Vegetarian Sloppy Joes with Buttermilk Ranch Slaw


Before you take a look at this recipe, think back to elementary school and lunchtime in the cafeteria. Remember sloppy joe day? I remember how it smelled (not so fantastic) and those soggy “wheat” buns with the runny, ketchup-y, gristly ground mystery meat (yeah, so our school district didn’t have the best lunch program in the early 80s). I can literally see the line of styrofoam trays with the little compartments being filled, assembly-line style, by the cafeteria staff. Lunch cost $.50. Remember those sloppy joes? Well these are nothing like that.

I’ve always had an aversion to sloppy joes—that sad, soggy cafeteria sandwich being my only exposure to this sandwich. We didn’t eat them at home, and I wasn’t about to eat them at school— so I just abstained altogether. You can buy the filling sauce in a can (which I hear is actually pretty tasty, if sloppy joes fall into the “nostalgia” category for you). Please don”t hold it against me, but I”ve never had a Manwich (and the visual I get when I say it out loud isn”t quite as wholesome as the company probably intended). I figured my window of opportunity to try a sloppy joe closed about 7 years ago, when I stopped eating most meat, but then I was introduced to Gardein’s All American Sloppy Joes.

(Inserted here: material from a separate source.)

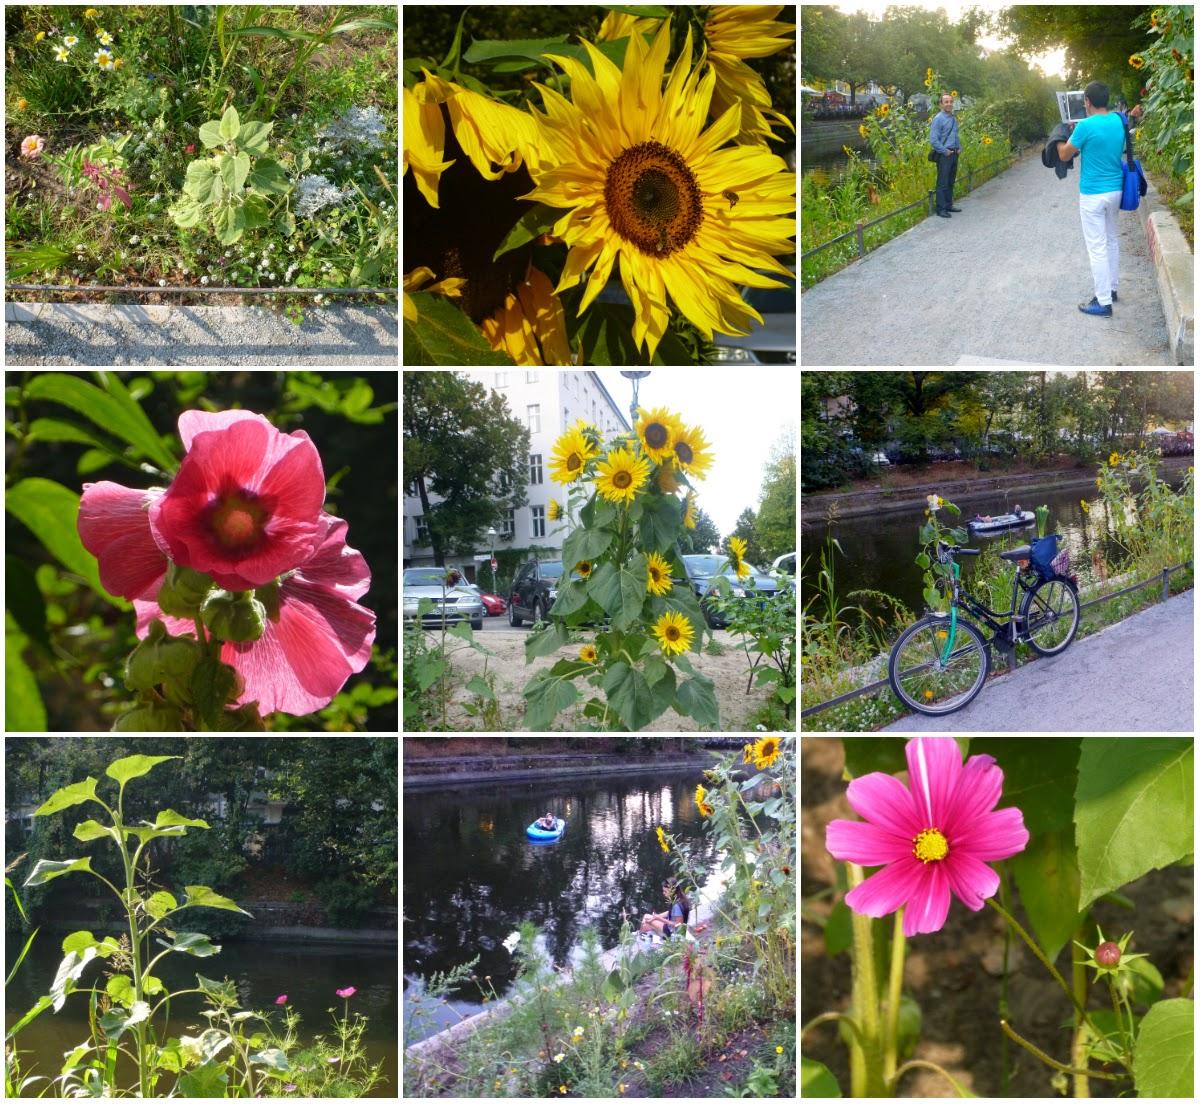 Cosmeen, Anemonen, Sonnenblumen, Paddler auf dem Kanal, fotografierende Menschen, Bienen, die Blumen anfliegen usw.

Gardein has a huge line of refrigerated and frozen meatless products, but this meatless sloppy joe mix spoke to me—it called to me. The photo on the front of the box looked too good to be true—all that saucy meatless meat just spilling out of that hamburger bun: I can finally try a sloppy joe. So I did. I finally got to try a sloppy joe. SO GOOD! Since I can’t leave well enough alone, I fancied up the sloppy joe mix and came up with these cute little Gardein All American Sloppy Joe sliders with buttermilk ranch slaw and pickles.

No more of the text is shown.